Тамара оглянулась и немножко даже смутилась, увидев позади себя длинную очередь желающих получить бесплатную дверь. Горожане все прибывали и прибывали, скапливаясь под гирляндами оранжевых шариков, перелистывали проспекты, украдкой хватали оранжевые леденцы.

– То есть ваших движущихся дверей нигде еще нет? – скептически скривился Кривоносов.

Но тут плотно обтянутая девушка в оранжевой юбке и очень открытой оранжевой блузке поставила перед супругами Кривоносовыми апельсиновый сок, и на долю секунды дольше чем надо, улыбнулась Семену. Скотина похотливая, вяло подумала Тамара, наблюдая как порозовевший муж кинулся подписывать договор.

У входа в подъезд их уже ждал рабочий в оранжевом комбинезоне, с сумкой и инструментами, и с именем Альберт на нагрудном кармашке. Спустя полчаса в тамбуре квартиры появилась действительно легкая, почти невесомая дверь, сама уползавшая вбок, как в купе поезда.

– Вот на фига нам эта хрень? – спросила себя Тамара Кривоносова, шагнула на лестничную клетку, чтобы проверить, как все выглядит с той стороны, но проверить не получилось.

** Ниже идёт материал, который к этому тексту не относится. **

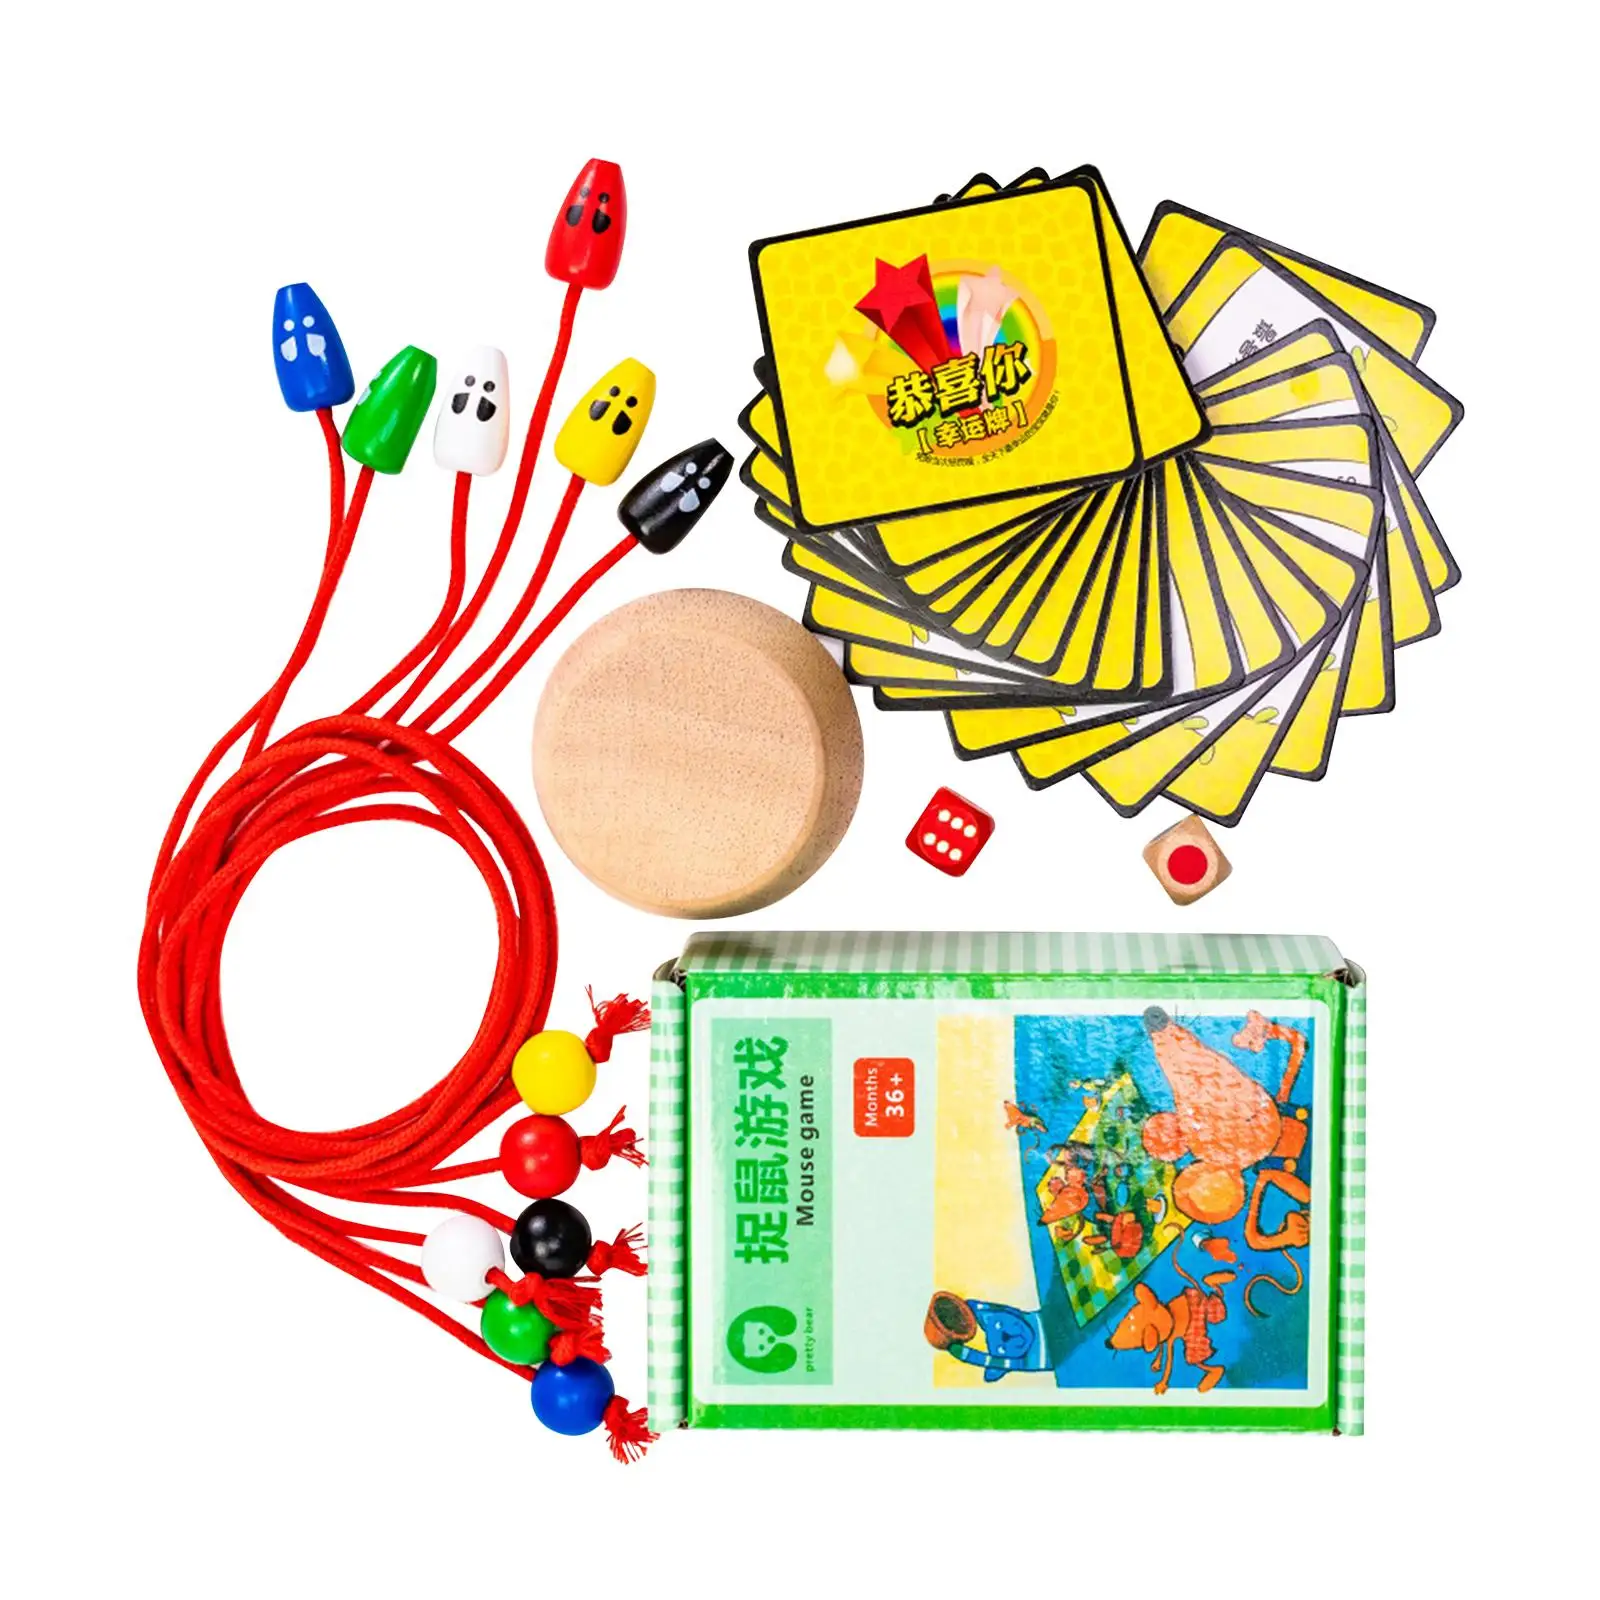 Wooden Mouse Catching Game Early Leaning Education Toy Develop Fine Motor Skills Desktop Game for Girls Teens Adults Boy
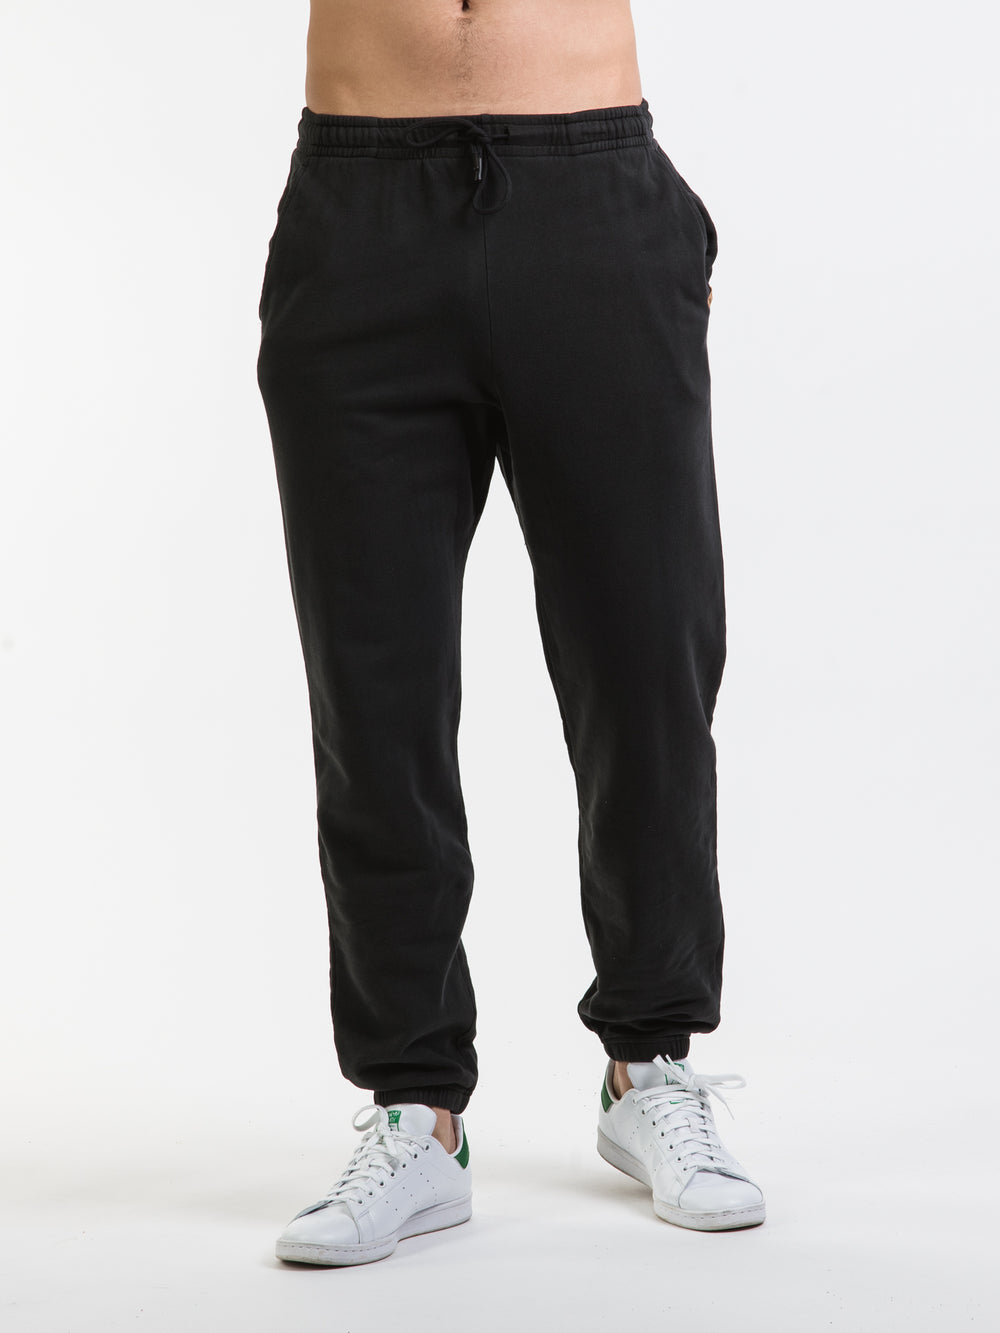 TENTREE ORGANIC FRENCH TERRY SWEAT PANTS - CLEARANCE

Она сидела в колючем холодном гнезде, под дымно-оранжевым небом, посреди бескрайнего поля ярко-синих и нежно-голубых люпинов. Пахло жирно, густо; тончайшие сладковатые запахи словно накатывались волнами, оставляя после себя блаженное послевкусие. Как после секса, вспомнила Тамара, и тут же загрустила, вспомнив, сколько у нее уже длится целибат. Цветы вокруг росли необычайно высокие, они почти скрывали рослого оленя, украшенного роскошными ветвистыми рогами.

– Наконец-то я вас дождался, прелестнейшая Тамара, – сочным баритоном произнес олень, и свечки на его рогах вспыхнули десятками цветных светлячков, – С тех пор, как вы подарили мне ключ от ваших снов, я ежедневно приходил сюда, к вашему гнезду.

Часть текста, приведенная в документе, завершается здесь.